Sunday, September 6, 2009

Tzveta Kassabova’s "Locus"



More extremely than any performance I have seen, Tzveta Kassabova’s Locus required audience involvement. I do not mean involvement in the sense of participation in choreographed phrases, but involvement in the sense of encompassing you in the performance space, enveloping you in the disturbing, whitewashed asylum created in the front-most section of the dance wing of the Clarice Smith Performing Arts Center on October 2, 2008.

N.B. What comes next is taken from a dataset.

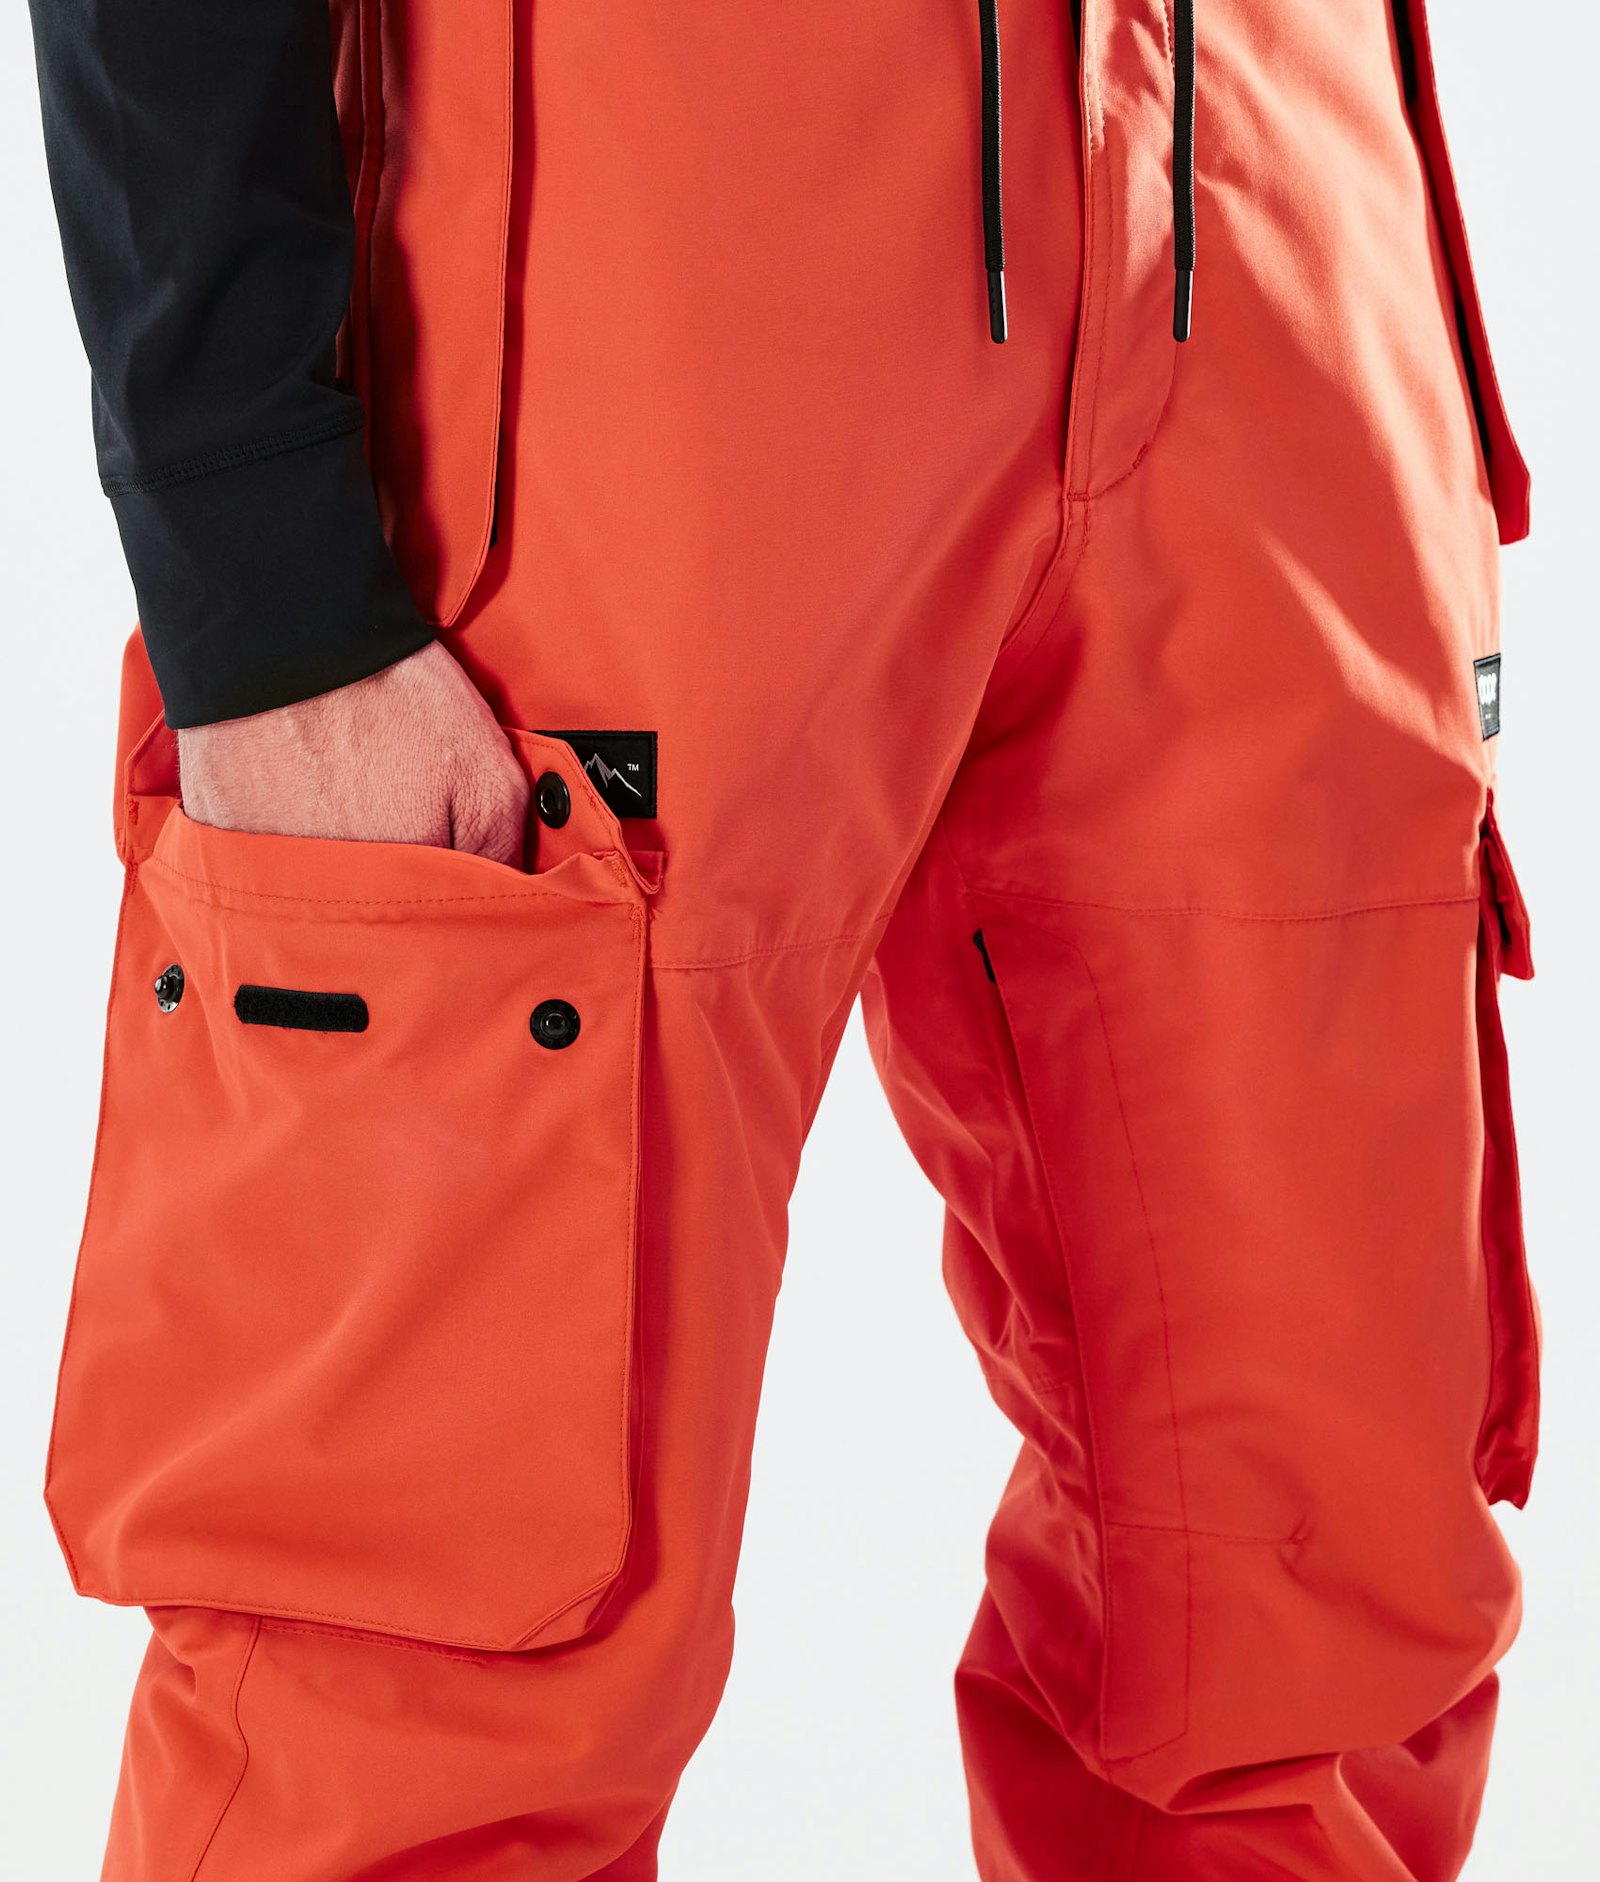 Dope Iconic 2021 Pantalon de Snowboard Homme Orange

The collaborative actualization of Tzveta Kassabova’s concept Locus, ushered the audience members along a path of bubble wrap, taped to the floor in a boxy figure eight—constantly moving. Initially, the incessant popping created by dozens of feet popping the small, air-filled pockets was overwhelming. The loud cloud of static droned out the mobile woman reading from an open binder. As I filed into a narrow room with haphazardly stacked, white furniture with visible brush strokes, the thick smell of drying paint overwhelmed me. More overwhelming however, was the woman contained in the narrow room. Her blank stare showed no awareness of her peculiar surroundings—tall shudders leaning against the wall, tables resting precariously atop each other. She seemed devoured by the friction created between her outer wrist and the wall mirrors as she slid it along. Her steps were planted and deliberate, but her face showed no intent; the disconnect was startling.
Keeping up with the flow, I did not remain in the narrow room long. I left the absent-eyed woman and entered a larger room. A studio with high ceilings, mirrored walls, and corner windows. The bubble path took me behind a curtain of window frames, through it I could see a single dancer. As I rounded the corner, stepping in front of the frame curtain, I was still physically separated from the dancer, both by space and a large, square cage structure. She threw herself about in the cage, with deliberation and control. Forcefully, she would turn her body or race to the corner, stopping just shy of touching the bars. Her lack of contact with the setting was in stark opposition to the woman in the narrow room.
As if on a conveyor belt, I was carried out of the room and into a hallway where a projector shone an intense white light directly into my eye line. Only when I put my hand to my brow as a shield did I notice another dancer, plastered to the wall opposite the picture projection. Her hands struggled to grip the flat surface. When an unexpected soprano note shot into my ear, I became aware that the woman reading from the open binder was now behind me, in the audience line. She had been wandering around like a free radical in the scene, and suddenly she was back in unison, filed in with the rest of us.
Four dancers in all, occupied the whitewashed setting, along with the narrator, and a violinist who, like a ghost would disappear around a corner, music still audible. At one point, I was struck to see two dancers inhabiting the largest room on the bubble path, the studio. Their movements were not always synchronized, each moved on their own path in their own manner; however, when they shared a sequence their movements were startlingly identical. It was as if the velocity of each right arm swinging was precisely the same. The precision was paradoxical though, because they did not seem aware of each other’s presence.
The most noticeable thing to me about the movements of all the dancers was that they did not seem prescribed. Raw, organic, instinctual, not prescribed. This drove me to think of the experience, not as a performance, but as a glimpse of another world. A disturbing, though-provoking other world. I think it was the proximity to the dancers and the movement that solidified this feeling. If the same props and movement had been set of a stage, the removal of self and involvement would have changed my perception entirely.
The most paradoxical element of the piece hit me when I caught a few words of the walking woman. I kept hearing her say the words change and direction. Appropriately, the dancers were doing just that, pivoting on a dime. But me, I was stuck on the same track I had been for the last fifty minutes. Why hadn’t I turned around? Why hadn’t I stopped to observe something longer? Or decidedly removed my feet from the conveyor belt that was, after all, not even moving?
At one point, I realized the ground below me was no longer crackling. The bubble wrap had been all but compressed, save the occasional, lone pop. It was then that the dancers unrolled a new path for us, of fresh bubble wrap, leading outside. I could no longer see them, but I knew they were moving. Just like when I exited the narrow room, the studio, or the hallway I knew their motion was continuous. There were no wings for the dancers, or me, to rest in.